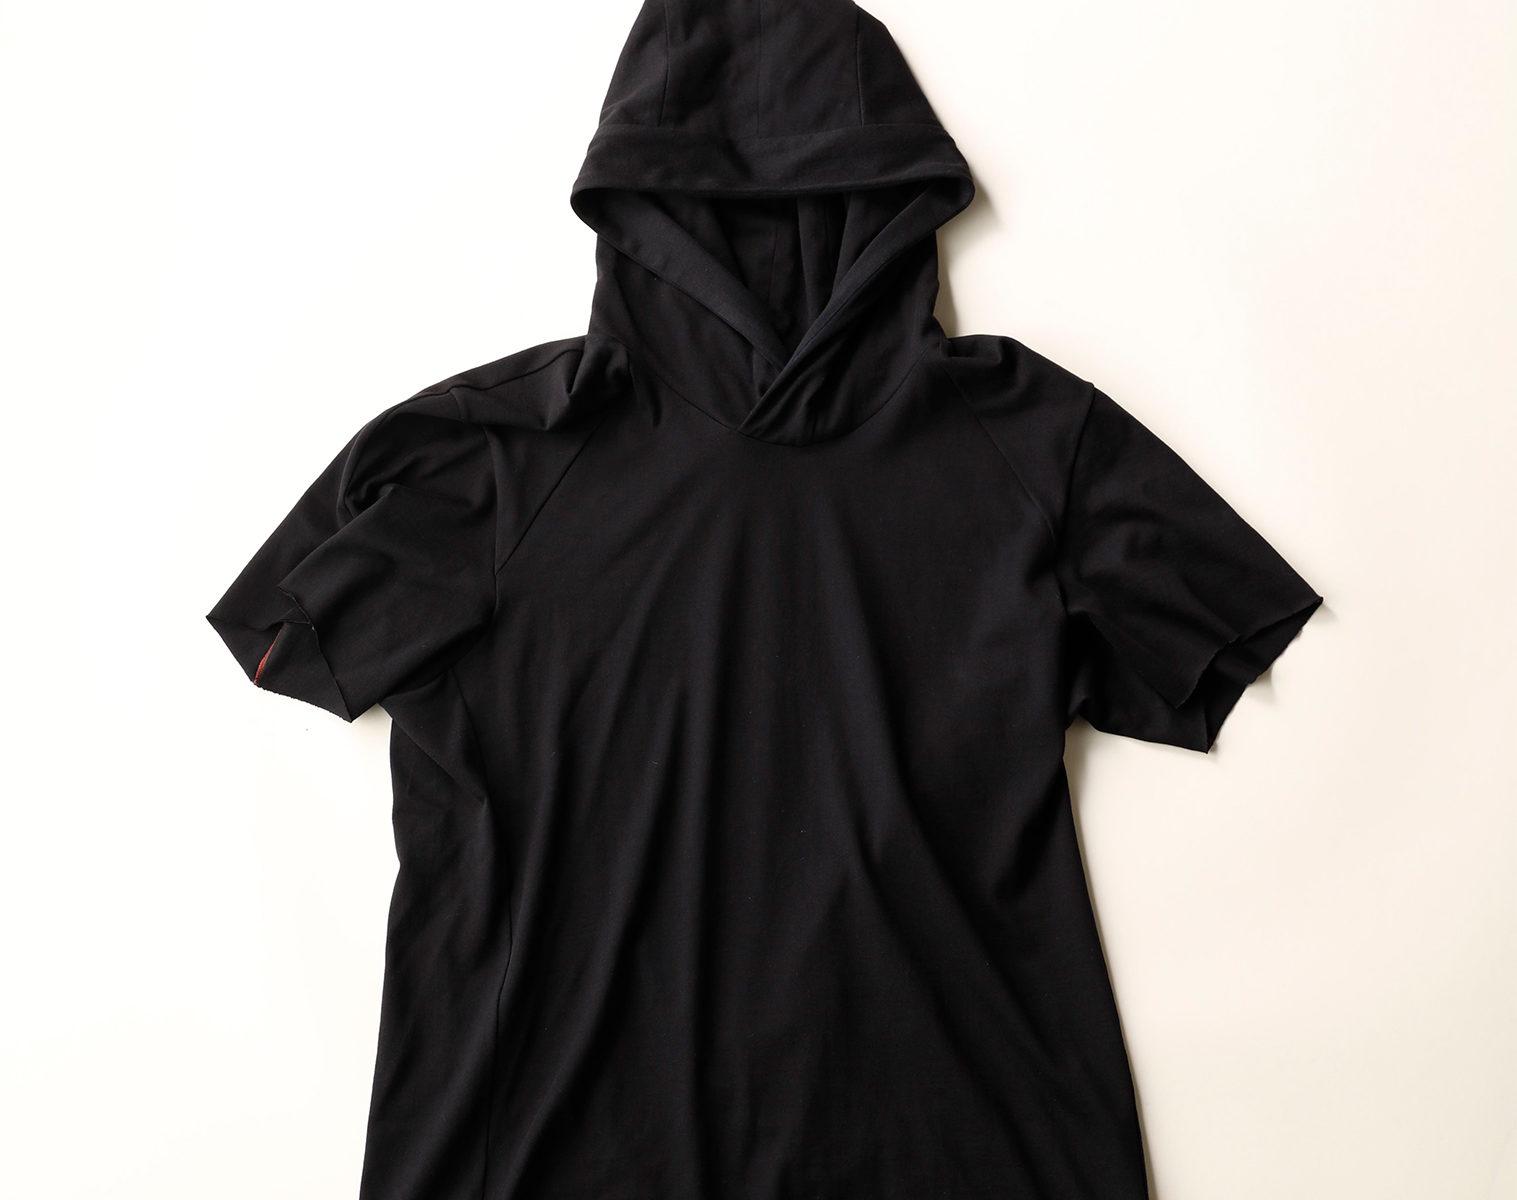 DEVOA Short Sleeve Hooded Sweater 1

┄┄┄┄┄┄

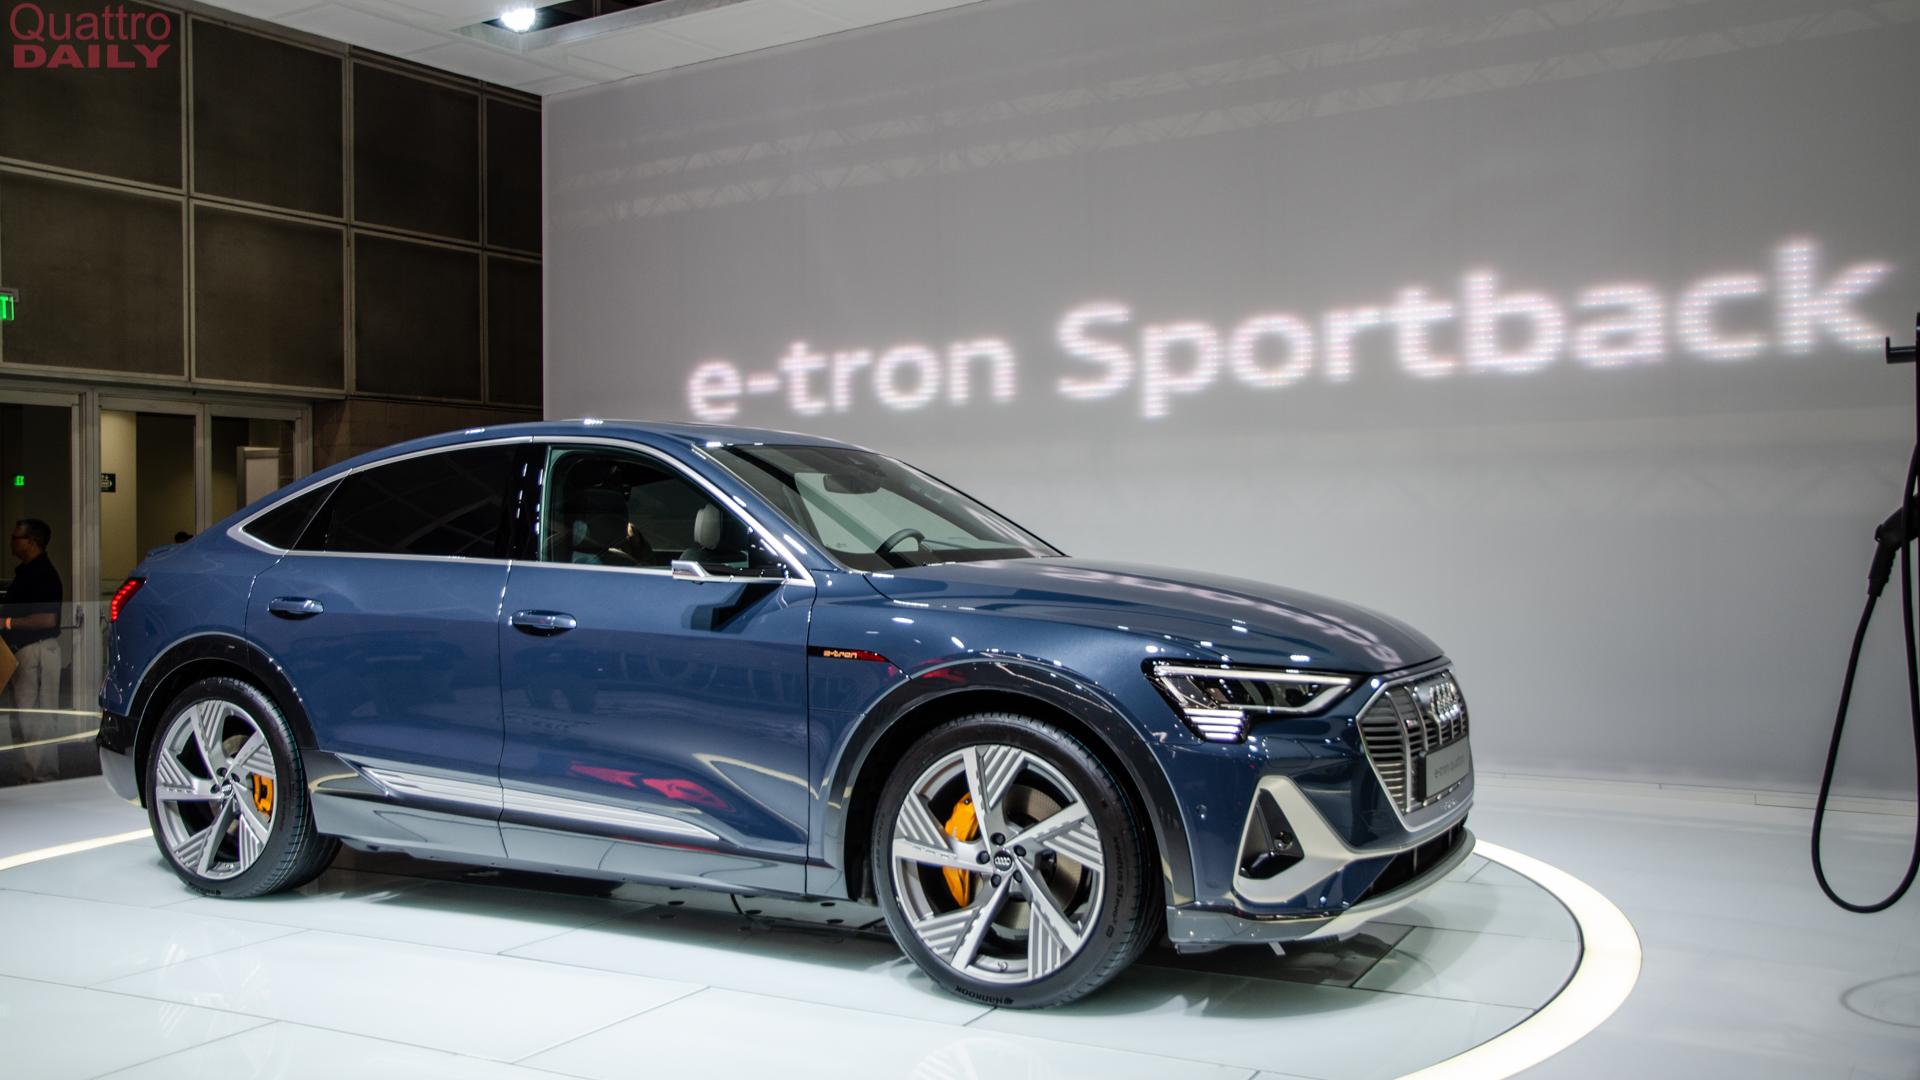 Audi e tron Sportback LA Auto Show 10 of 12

┄┄┄┄┄┄

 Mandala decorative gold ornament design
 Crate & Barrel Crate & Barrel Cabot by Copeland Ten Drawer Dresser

┄┄┄┄┄┄

INSTRUCTIONS TO FOLLOW: Begin with the line that has "Mandala decorative gold ornament design" in the listing above and end after the line that has "Crate & Barrel Crate"; output those lines exactly.

OUTPUT OF THE TASK:
 Mandala decorative gold ornament design
 Crate & Barrel Crate & Barrel Cabot by Copeland Ten Drawer Dresser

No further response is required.